Problem: I haven't find yet an analog multiplexer fast enough with a small parasitic resistance. Maybe the discrete MOSFET solution would be enough
3. use the clock signal to drive a switching circuit, built from MOSFETs or an analog multiplexer. The switching circuit would "chop" a continuous voltage (which is easy to adjust) thus the output level would be adjustable. Problem: I haven't find yet an analog multiplexer fast enough with a small parasitic resistance. Maybe the discrete MOSFET solution would be enough (did some quick simulation tests with a 2N7002A with promising results ... but I need to have a P-channel complementary to have a true switch).
How do you implement variable level with diode clipping?

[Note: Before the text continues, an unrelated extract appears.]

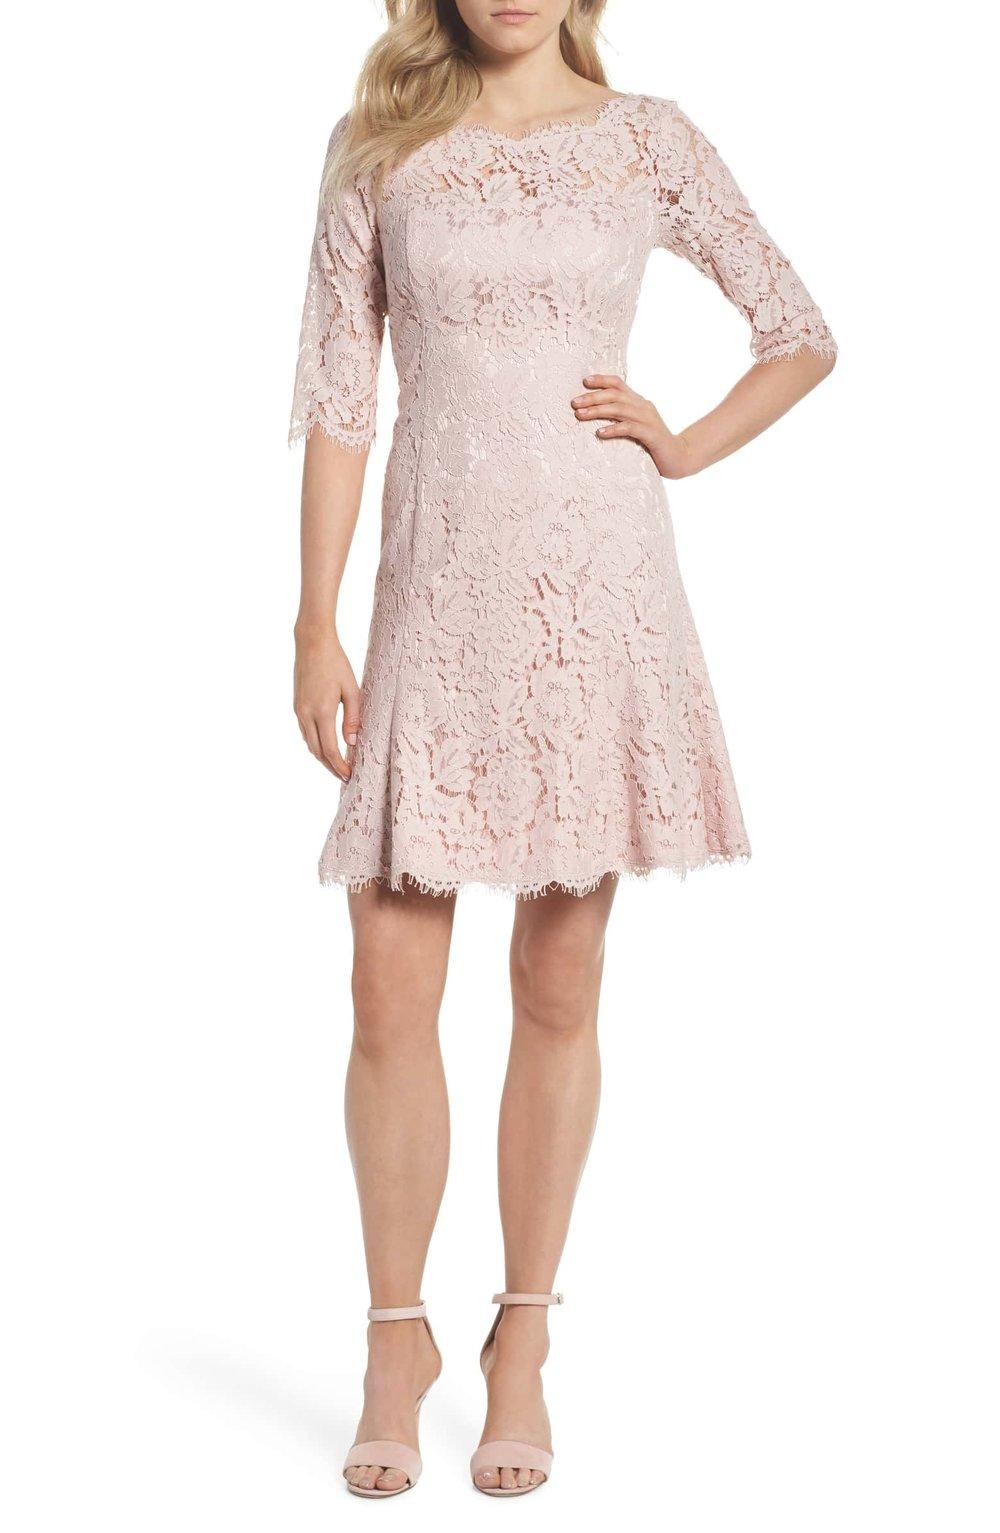 eliza lace cocktail dress.jpg
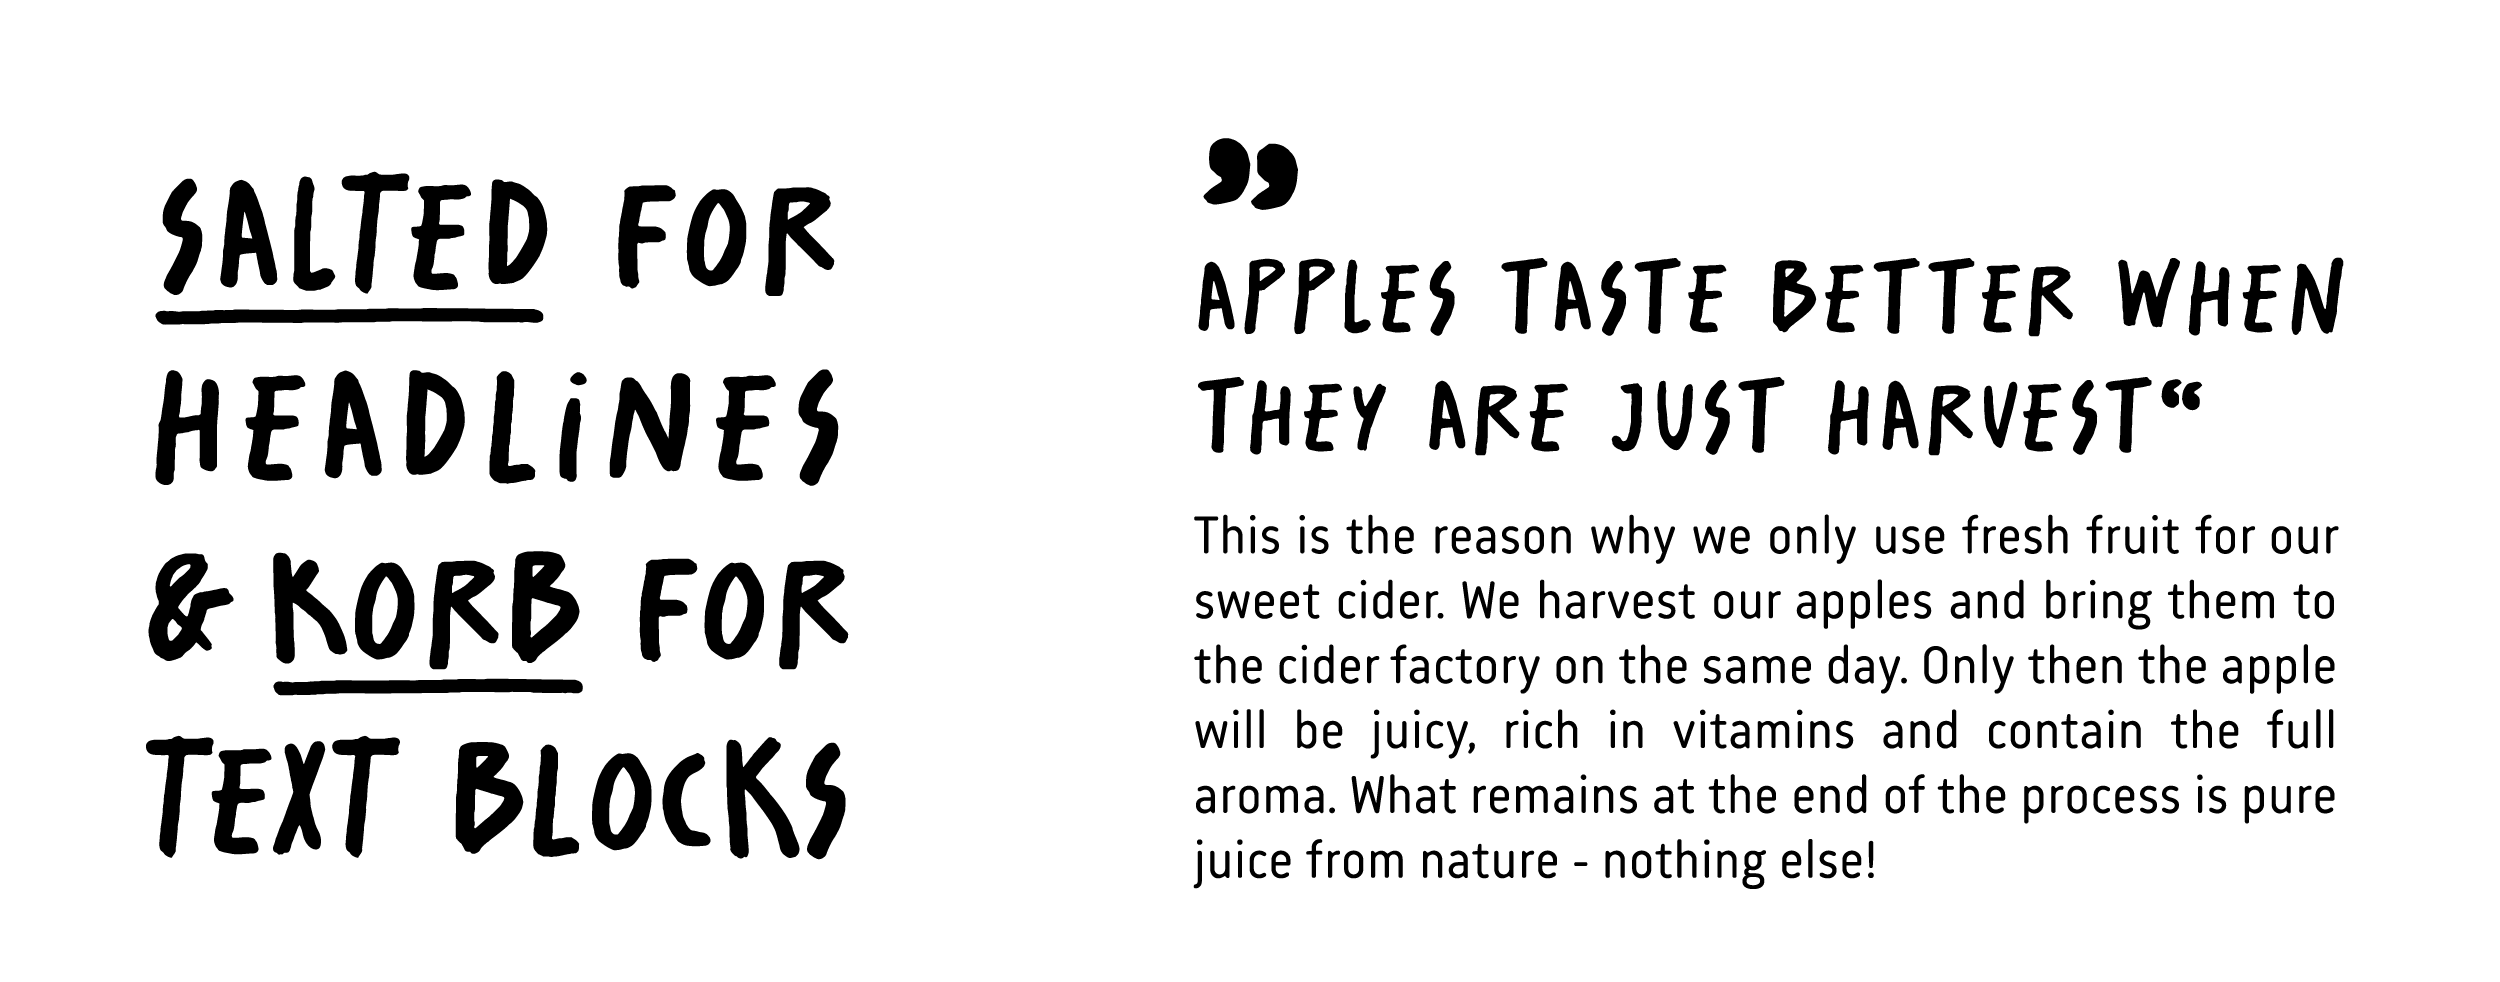 DURSTIGER-HASE-GPU-Design-typography

You could get the continuously variable output level with a logic gate (buffer or inverter) supplied from a variable voltage.
To drive transmission lines, you want a good match to 50R to make the square edges look clean.
This can be done by always having some minimal attenuation to improve match.
Instead of MOSFETs and voltage switching, use bipolar transistors and current switching, or fast diodes and current switching. The output level is then set by the easy to control DC current source driving the emitters of the differential pair, or driving the diodes.
What's that AQY2B25X part? Is there a typo? Google returns literally nothing when doing exact match search.
(it's clear that it's some optical switch, I wanted to find its datasheet)
3. use the clock signal to drive a switching circuit, built from MOSFETs or an analog multiplexer. The switching circuit would "chop" a continuous voltage (which is easy to adjust) thus the output level would be adjustable. Problem: I haven't find yet an analog multiplexer fast enough with a small parasitic resistance.
Finally, here are the specifications I try to achieve:
- output frequency: 10 kHz (if needed I'm ready to start at 100kHz or even 1MHz) to 100 MHz (I can accept to go a bit lower, such as 80 or even 60 MHz if the signal gets to distorted).
Instead of MOSFETs and voltage switching, use bipolar transistors and current switching, or fast diodes and current switching. The output level is then set by the easy to control DC current source driving the emitters of the differential pair, or driving the diodes.
That's an interesting approach, it also looks like it was used in some pulse generators such as the Philips PM5715, which I borrowed the idea of chained attenuators in the output circuit. I may try it too.
Tektronix used it on most of their pulse generators. They used the diode version for vertical channel switching in oscilloscopes which gives some idea of the potential performance.
Right now I'm still on the analog switch method (schematic attached) using SN74LVC1G3157 but I may look at the references suggested by PCB.Wiz.
By the way, will the switch mess up the op-amps output or something like that?
Right now I'm still on the analog switch method (schematic attached) using SN74LVC1G3157 but I may look at the references suggested by PCB.Wiz. By the way, will the switch mess up the op-amps output or something like that?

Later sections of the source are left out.